Но мы не должны тем временем сидеть и ждать явных земных и небесных примет приближения тех далеких и славных дней. Нам следует обратиться к обычному и порой, быть может, скучному труду, готовясь к этим дням, если мы доживем хотя бы до одного из них. Но если нам суждено умереть до их наступления, то постараемся сделать все возможное, чтобы расчистить им путь.

Но что же можем мы сделать для сохранения былых традиций, чтобы нам не пришлось однажды начинать все с самого начала, причем при отсутствии наставников? Что мы должны делать, чтоб тщательно сберечь и распространить то доброе, что есть в нашей жизни и по крайней мере распахать поле, где искусство сможет расти, когда люди начнут к нему тянуться? Что, наконец, мы можем сделать, что может сделать каждый из нас, чтобы взрастить какое-нибудь семя искусства, дабы оно могло вместе с другими пустить ростки и превратиться со временем в растение, необходимое нам?

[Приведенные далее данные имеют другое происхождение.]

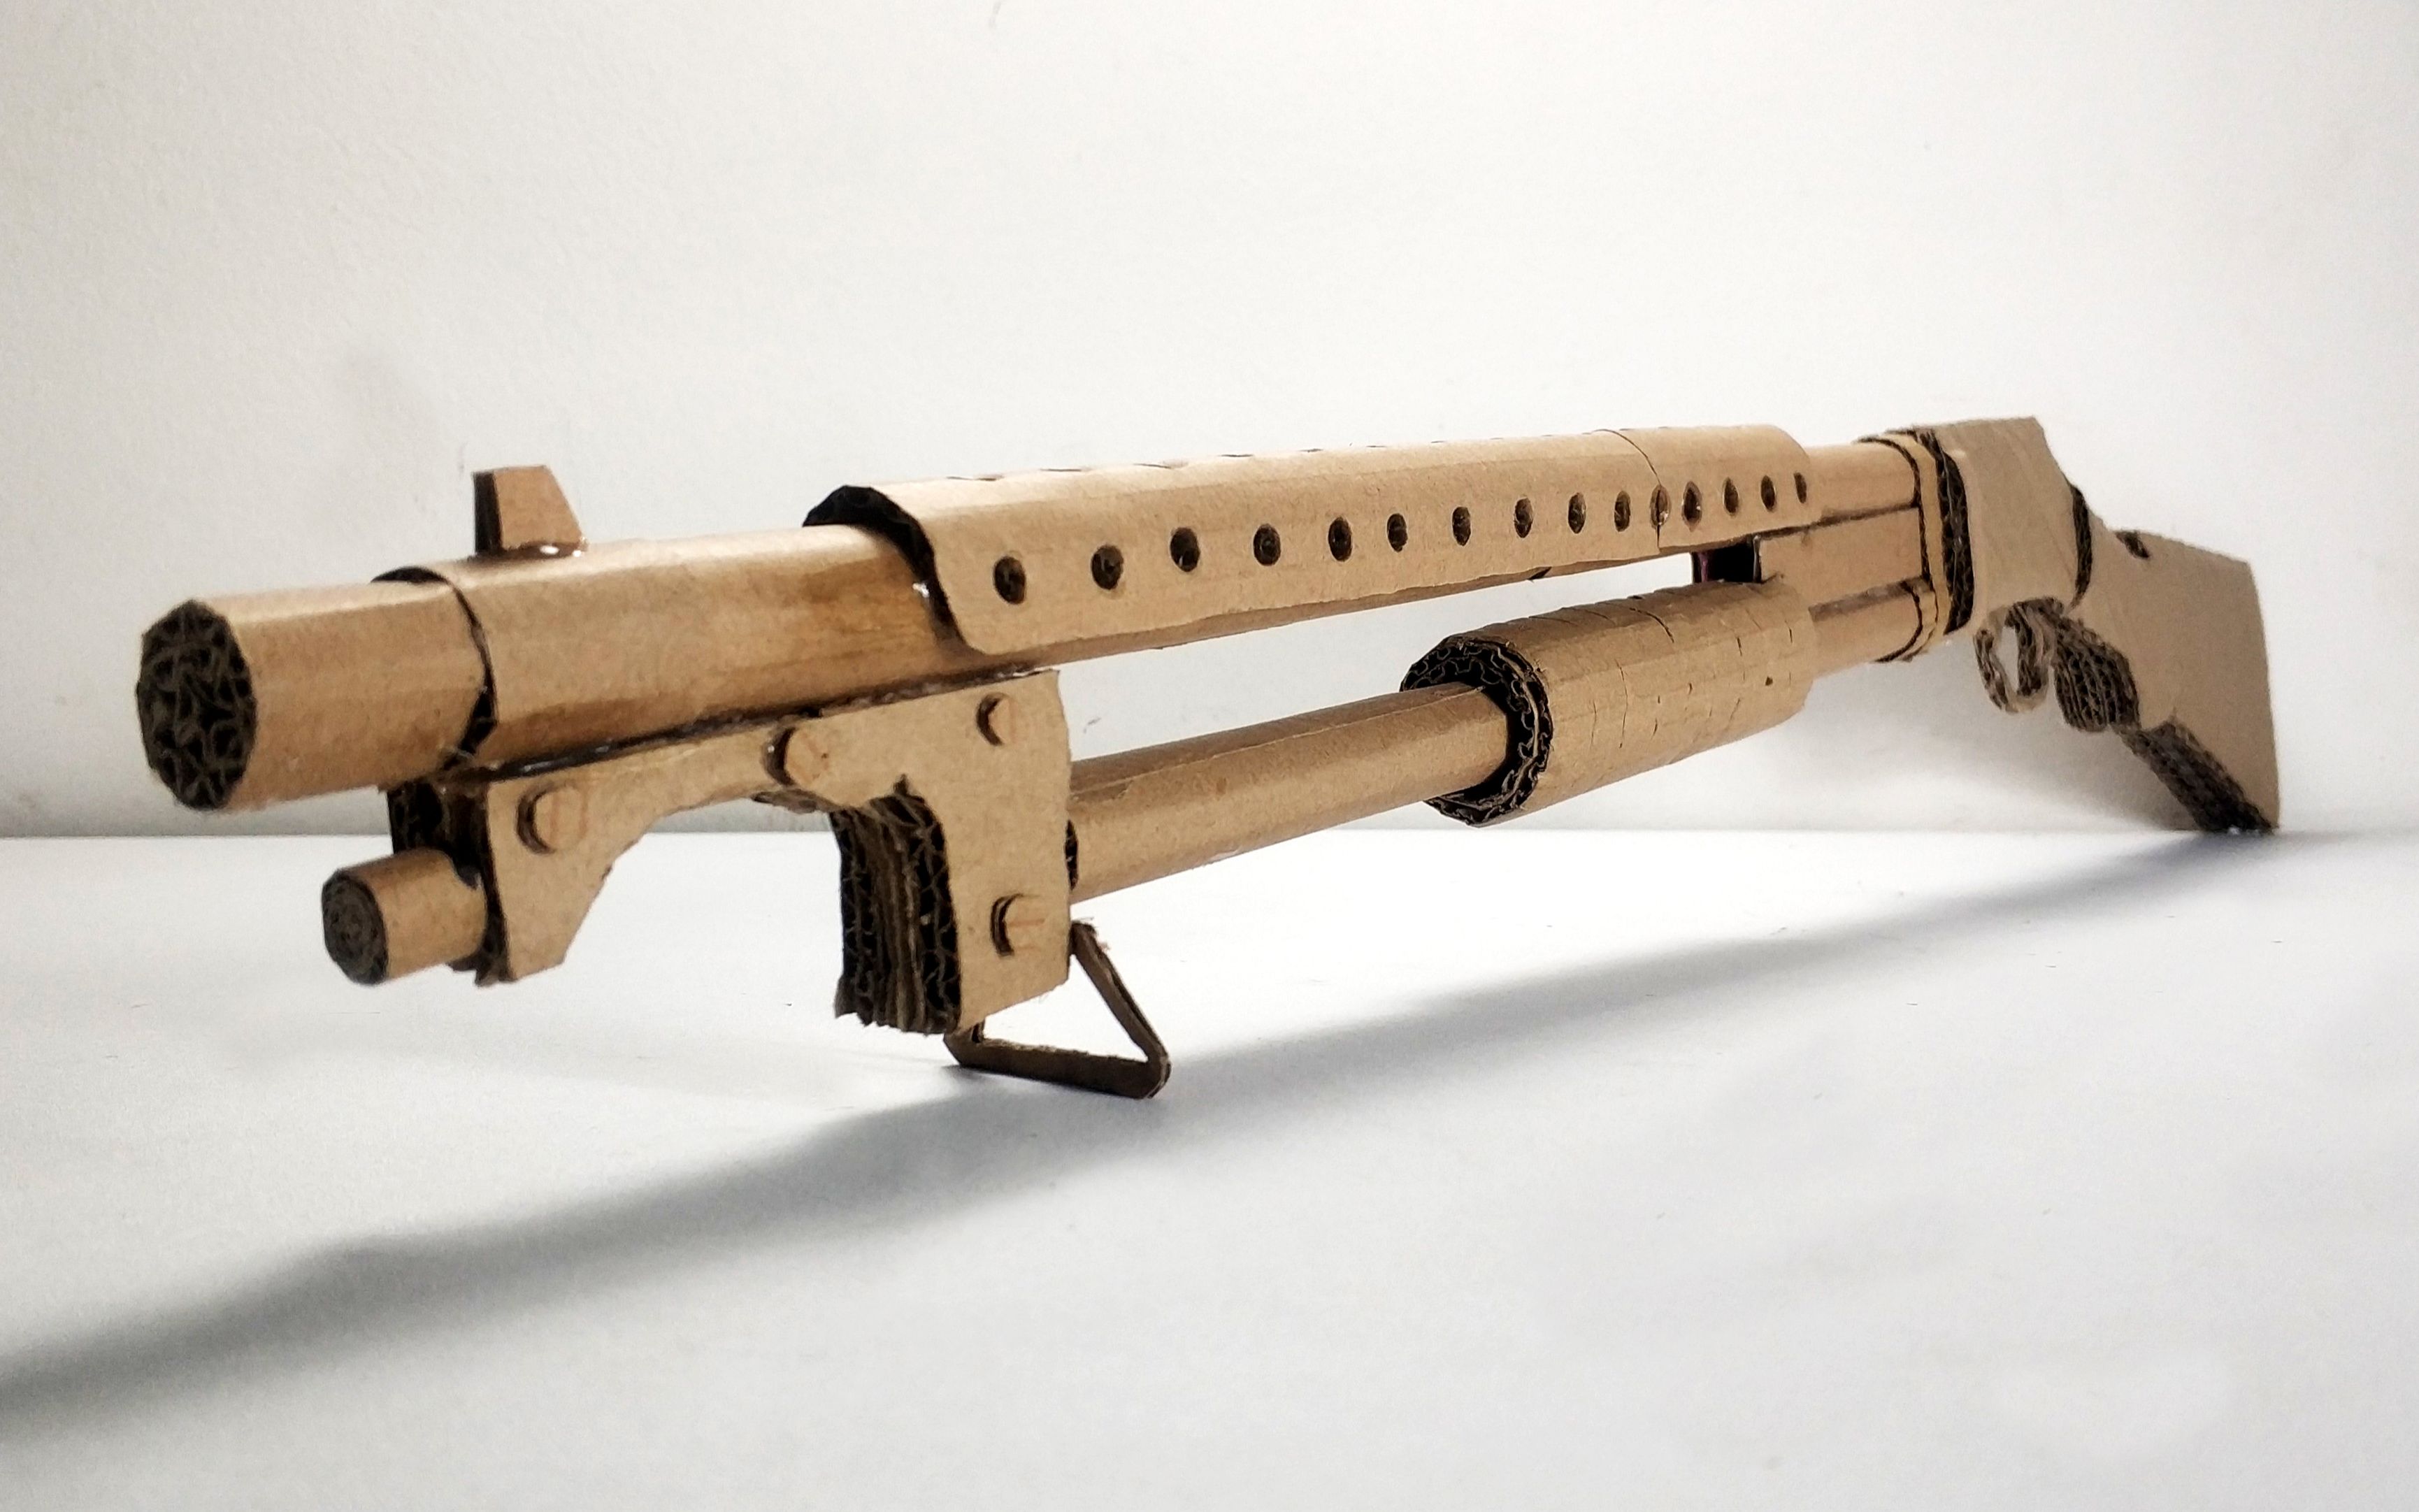 纸板玩具diy手工制作绝地求生s1897霰弹枪模型真的很好玩

Я вижу, вы отнюдь не безразличны к этому своему долгу. В этом меня убеждает память об энтузиазме участников собрания, перед которыми я имел честь выступать здесь прошлой осенью по поводу так называемой реставрации собора св. Марка в Венеции{12}. Вы совершенно справедливо полагали тогда, что эта проблема чрезвычайно важна для всего искусства, и было естественно, что люди, обеспокоенные ею, обратились к тем, от чьей воли зависела судьба собора, хотя первые — англичане, а вторые — итальянцы: вы чувствовали, что любители искусства должны быть выше национальных различий. Хоть вы и рисковали нарушить правила этикета, но действия ваши были оправданы надеждой спасти собор, подобного которому в мире нет. Некоторые итальянцы выказали тогда очень естественное, но совершенно неразумное раздражение и через свою прессу посоветовали нам заняться собственными делами. Это был худой довод в поддержку неразумного решения перестроить фасад собора св. Марка. Но некоторые из нас, которые ранее были далеки от подобных забот о своей стране, действительно стали обращать внимание на эти стороны жизни — пусть даже запоздалое, слишком запоздалое внимание. Ведь хотя у нас в стране и нет таких расписанных золотом интерьеров, какие имеются в соборе св. Марка, то все же есть много зданий — подлинных произведений древнего искусства и памятников истории. Посмотрите же, коль скоро мы признали их ценность, в каком они состоянии, и вы увидите, как беспомощно искусство в наш коммерческий век.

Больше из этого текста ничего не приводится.